Cheesecake Fruity Pebble French Toast

Y'all. It's been a weird time.


The trimester has ended, which means that what was once a front-loaded schedule has lightened up a bit for the remainder of the school year. Additionally, there's less prep-work to do now that I am in the phase where I recycle and modify curriculum. Not to mention the grade book has been wiped clean, so no scrambling to grade late work.

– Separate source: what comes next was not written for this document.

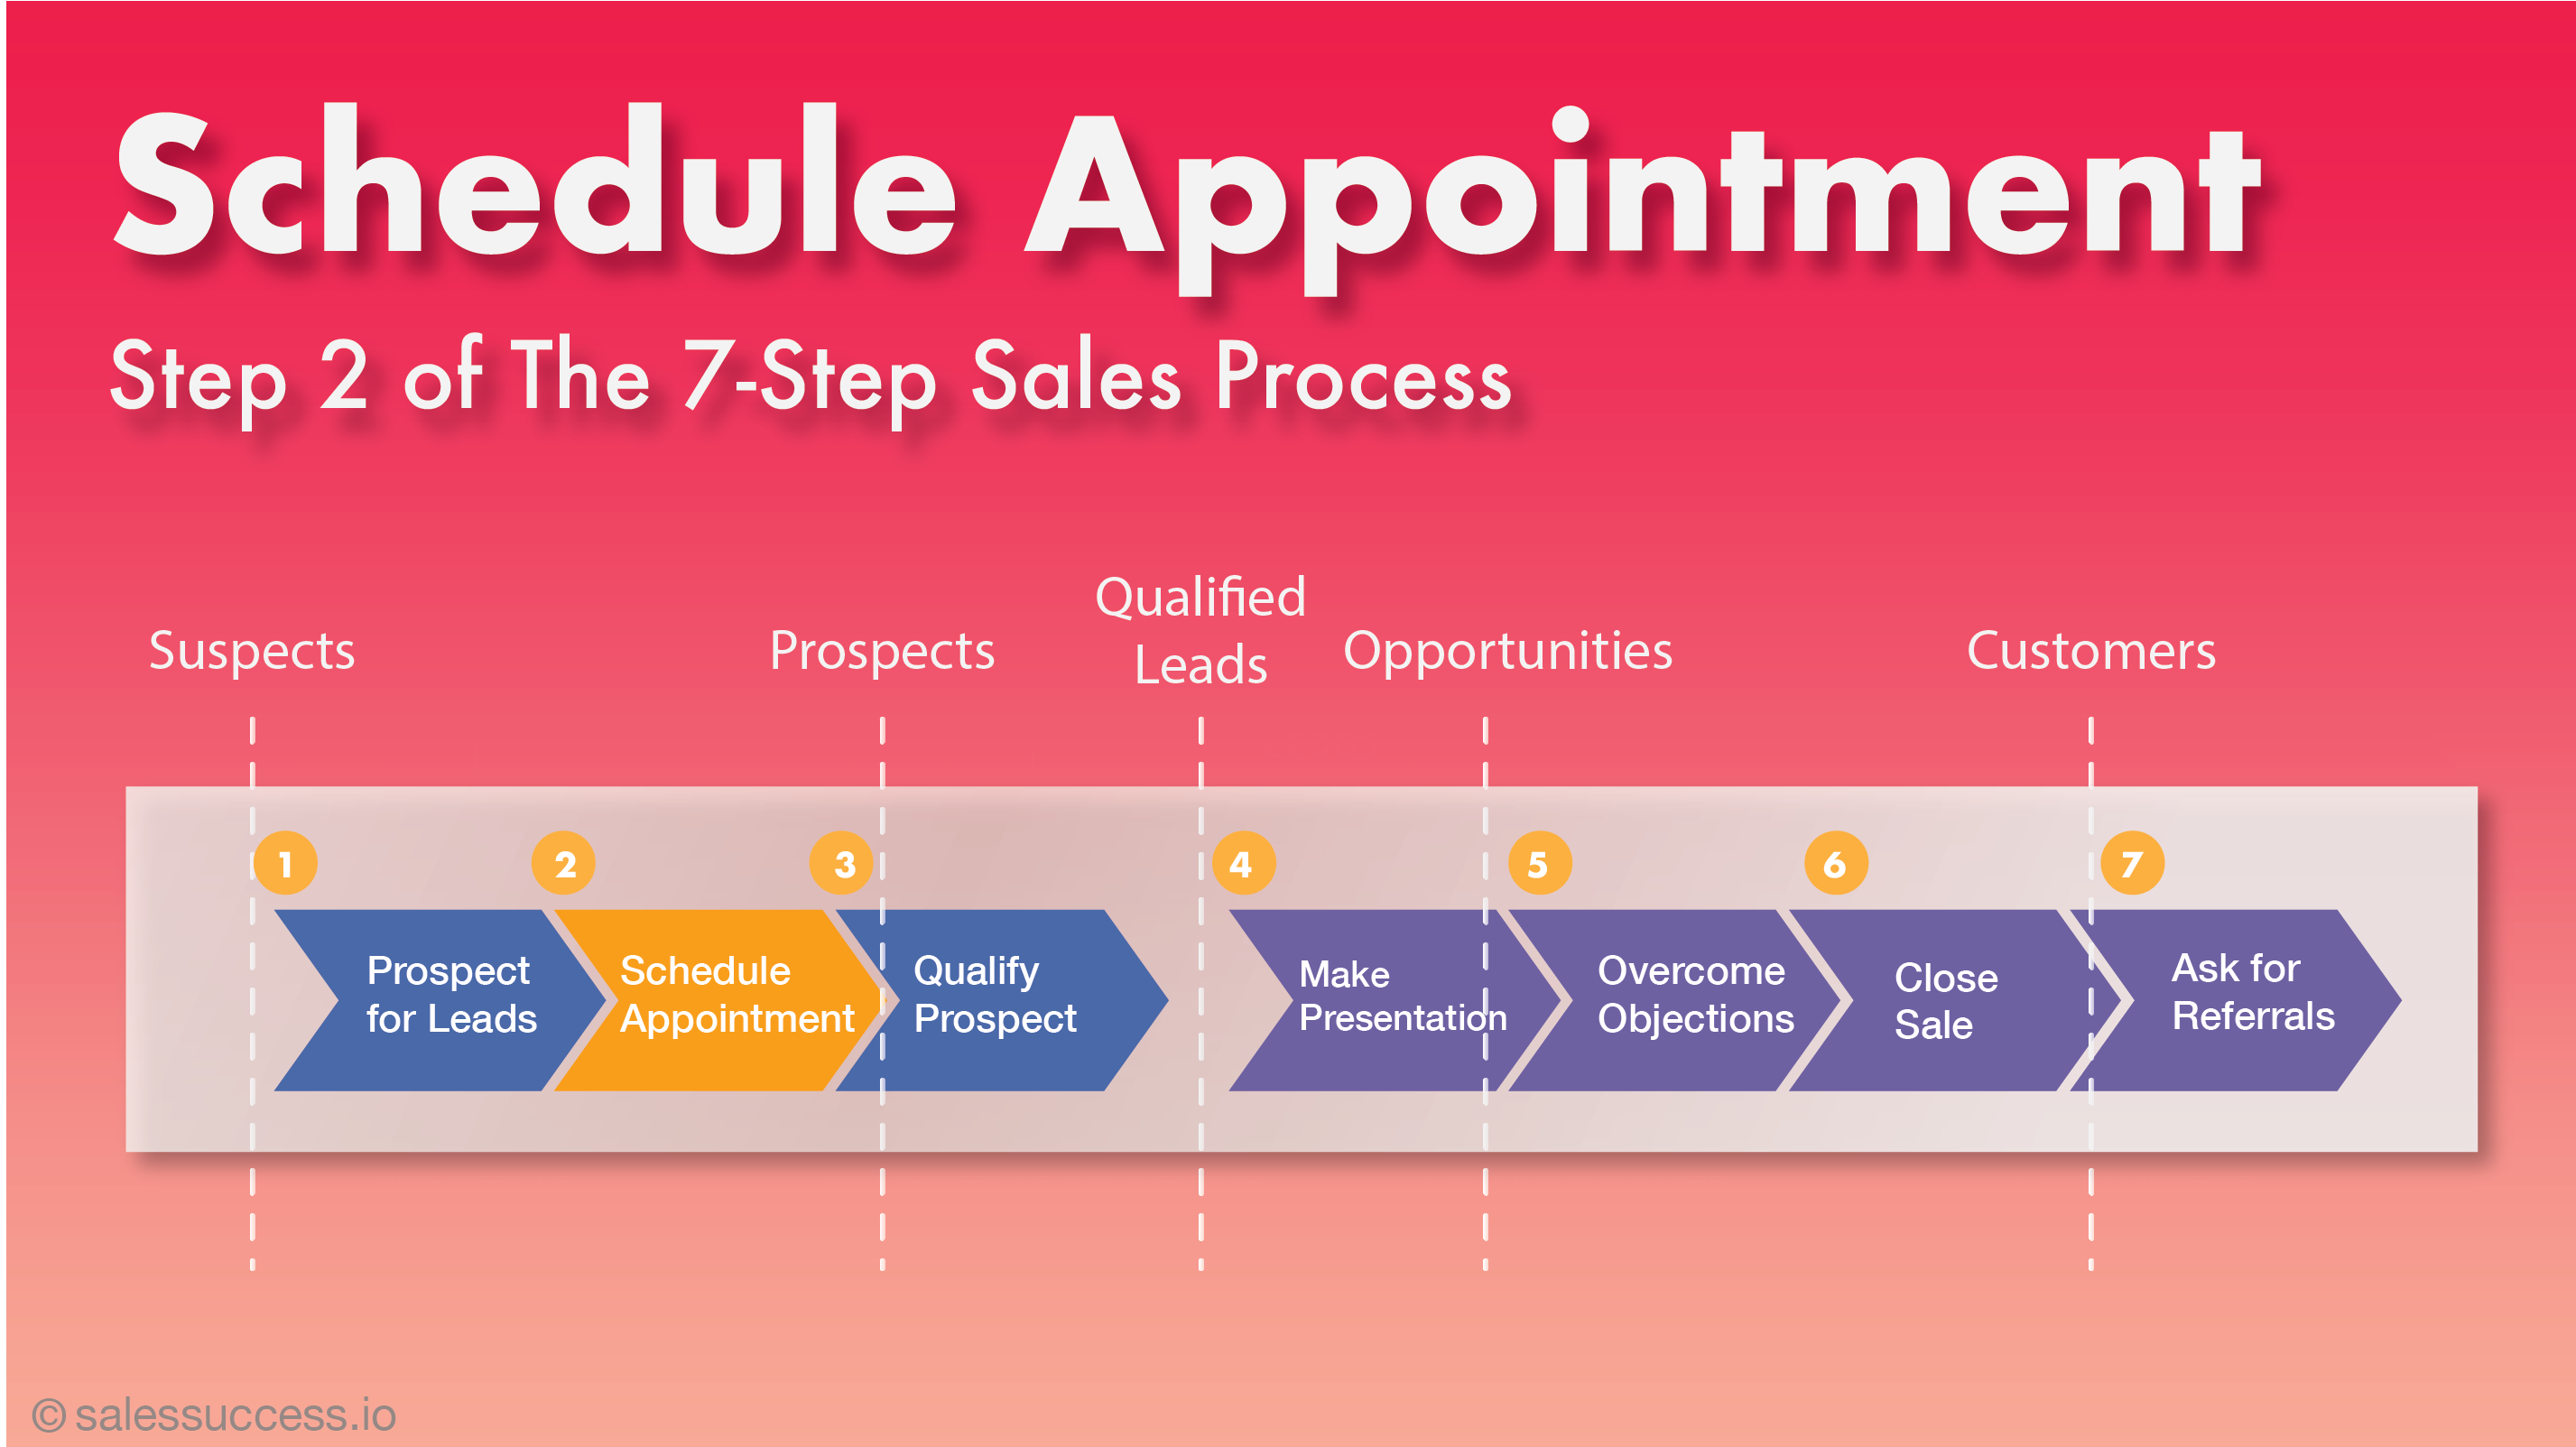 Setting Appointment: Tips and Strategies for Successful Sales Calls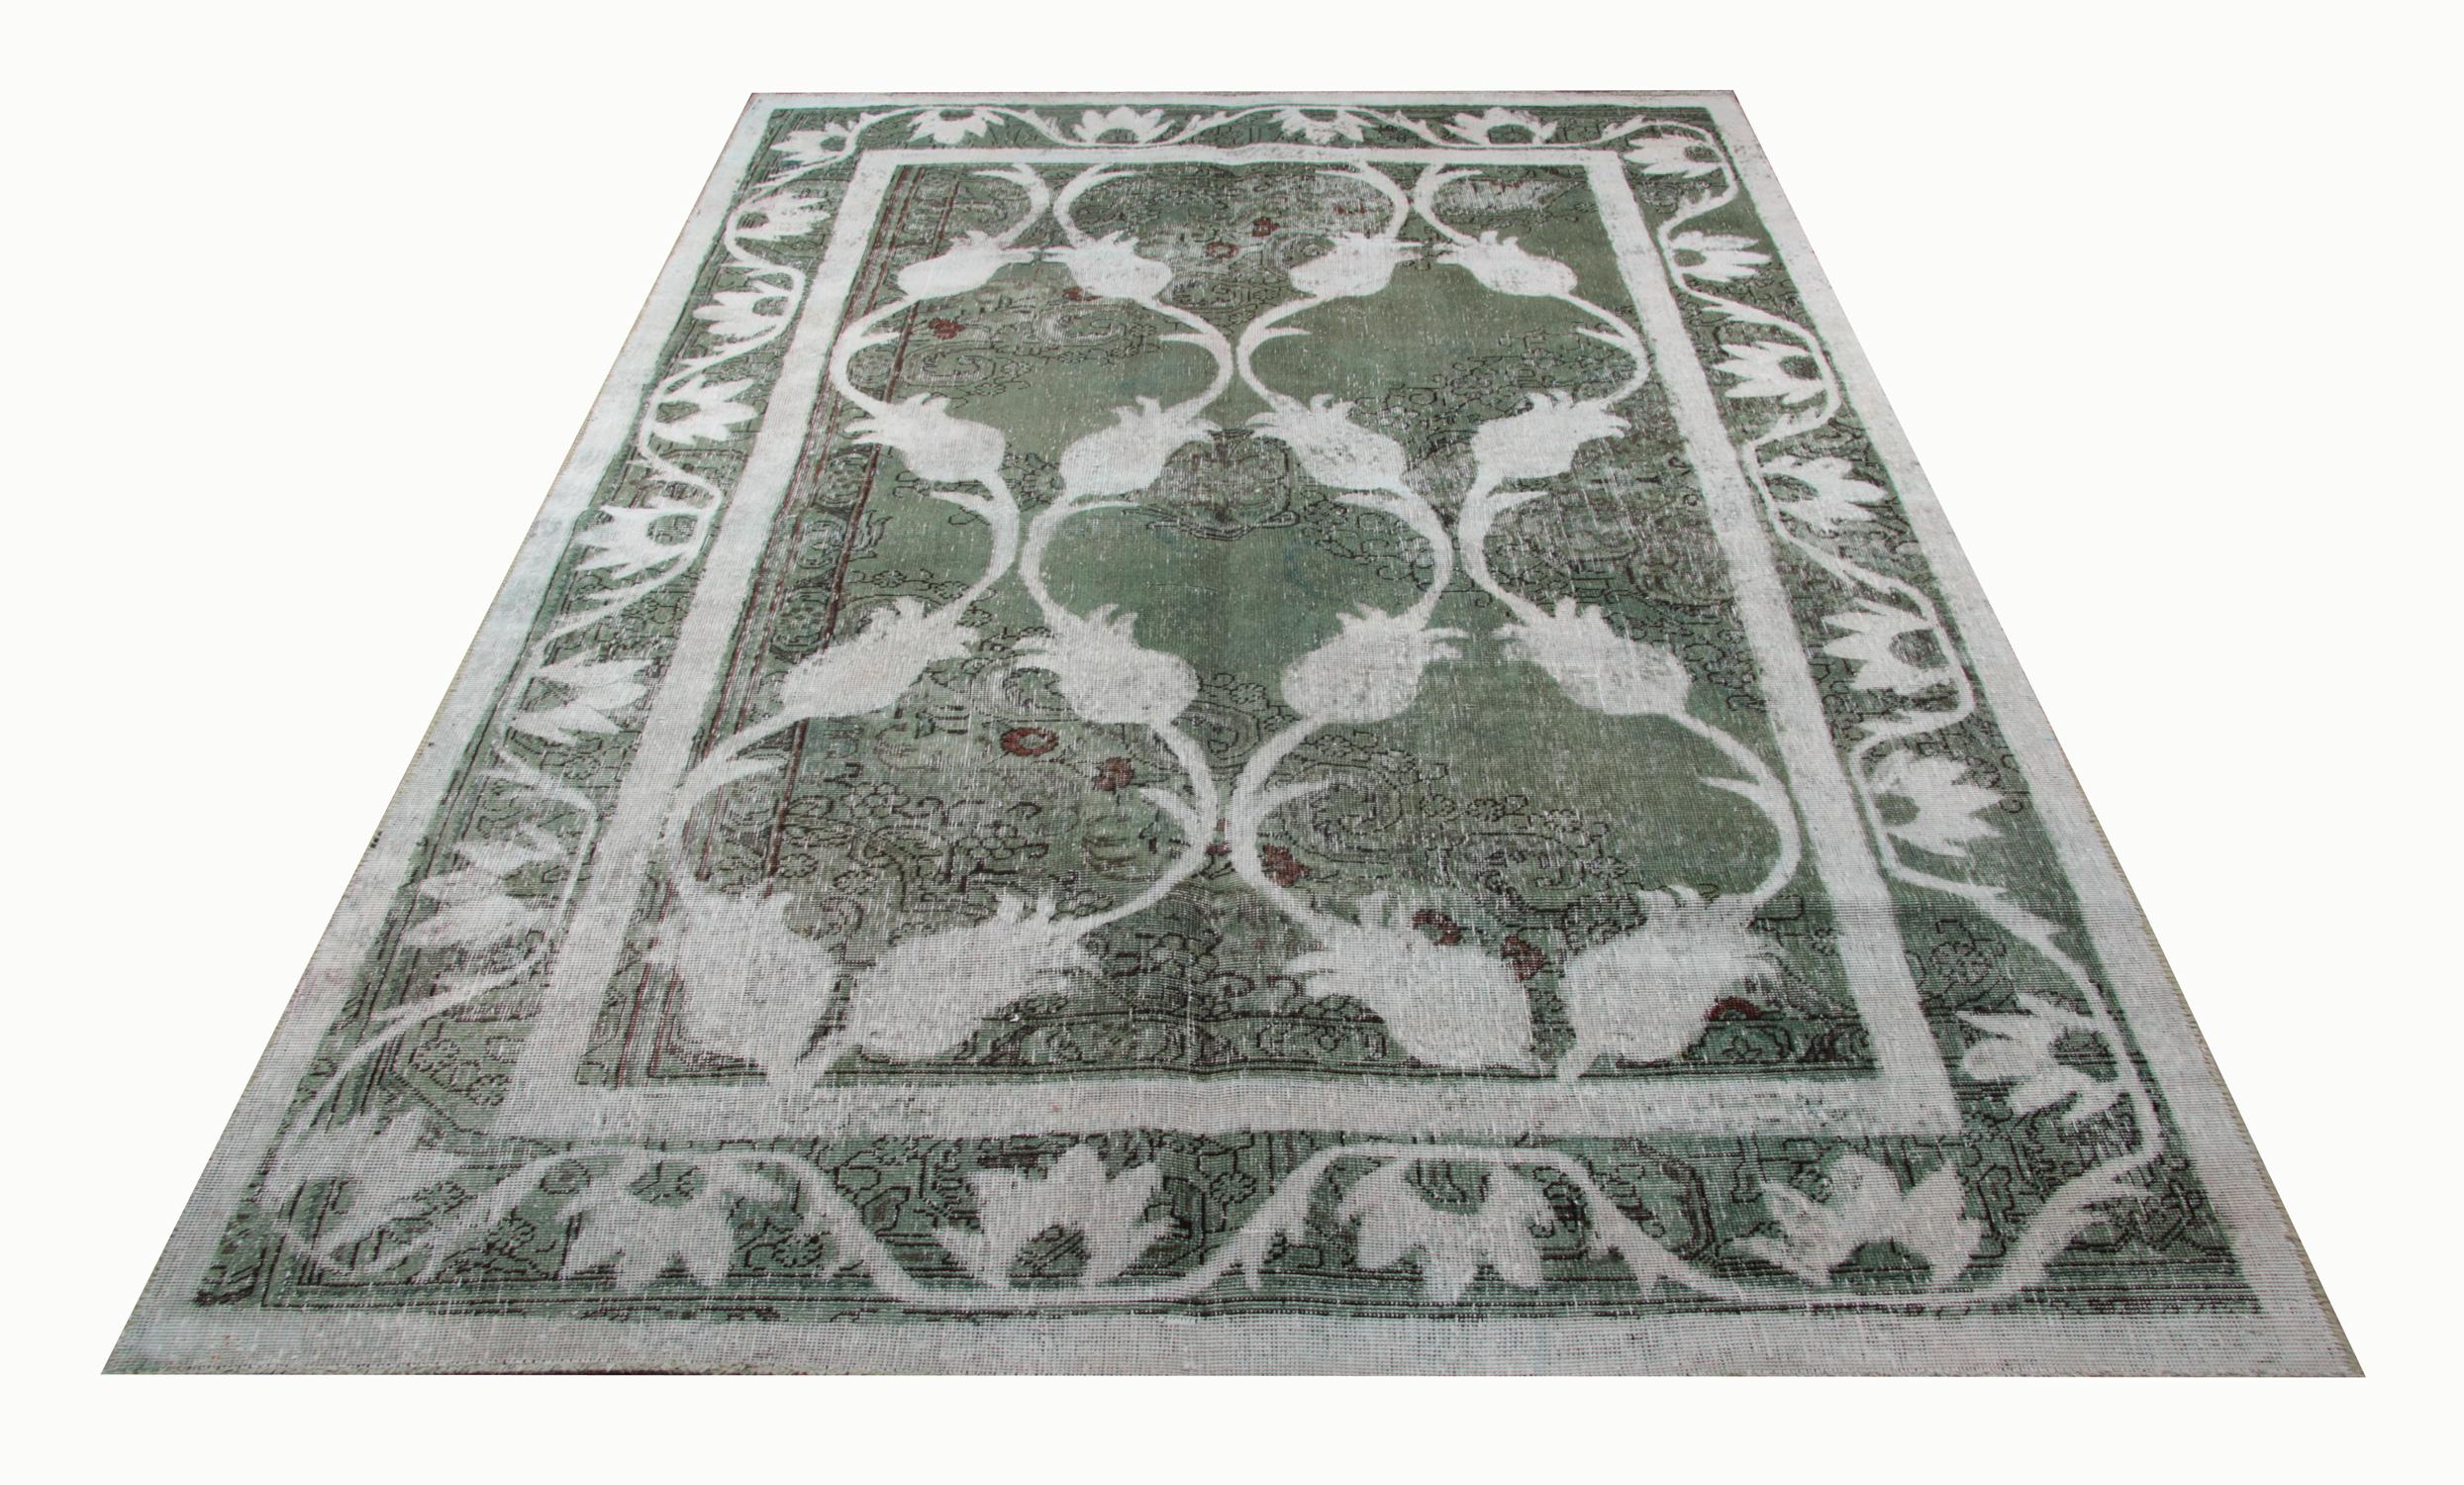 This handmade carpet Oriental rug is predominantly green handwoven vintage Turkish carpet and features a white floral pattern on a green background. This hand-knotted oriental carpet is a stunning example of a handmade home decor rug. Because of its

But despite now having more time and energy to devote to cooking, there's one issue: my creativity well is drying up. I find myself struggling to come up with unique and creative ways to update everyday dishes. I sit for hours and think of what to do, only to be feel like I simply can't be bothered. With things winding down at my job a bit, you'd think I want to spend more time in the kitchen. And I do. But I can't come up with anything. Nada.


This recipe was one of my last creations before the well dried up. And to be quite frank, I think it's where a lot of the creativity I had ended up. It's french toast stuffed with cream cheese and COATED IN FRUITY FREAKING PEBBLES.


At some point while taking this picture, I questioned what brought me to make these decisions.

I know, I know... I've said before that I don't specifically love breakfast. This recipe is the result of trying to shake up the Saturday brunch situation, and it ended up being a bit more like dessert. Which I'm not mad about. But you will definitely need a breakfast coma recovery nap after this one. Which is the point of brunch. And let's face it, you aren't going to make this for breakfast mid-week, so I'm really just adding a quality brunch dish to your repertoire so you can restore that feeling of going to your favorite brunchery on the weekend.


I've gotta market this somehow.


Despite how carb-y and heavy this french toast may feel, it actually eats quite lightly, thanks to the addition of lemon in the filling. Though there is only one lemon in the recipe, the ratio of lemon to other filling ingredients is what really brightens this up. If that's not enough for you, you can layer in your favorite fruits and berries into the french toast. Ya know, for health. Serve it alongside some bacon and this french toast has swiftly become part of a somewhat, sorta-kinda, balanced-ish breakfast.


Just looking at this makes me want to take a five hour nap.

Currently, my brother is staying with us for the holidays, and I made this the day before his arrival to our abode. He's super into fitness, healthy eating, and all that good stuff, so I knew this creation might be a bit much for him. On the drive picking him up, I confessed to him the details of this monstrosity of a meal, and he just about plotzed, declaring he would ensure we have three square meals a day while he is under our roof. Nowadays, breakfast consists of spinach-mushroom scrambled eggs, faux-sausage, and berries, and pancakes to splurge on the weekends. I'm not complaining. I don't have to clean the kitchen afterwards. I am thrilled that my brother is here to not only add to the holiday cheer but support with the baby and house maintenance. And his cooking. We've got different approaches in the kitchen, but that doesn't mean his meals are less delicious. His presence is certainly welcome.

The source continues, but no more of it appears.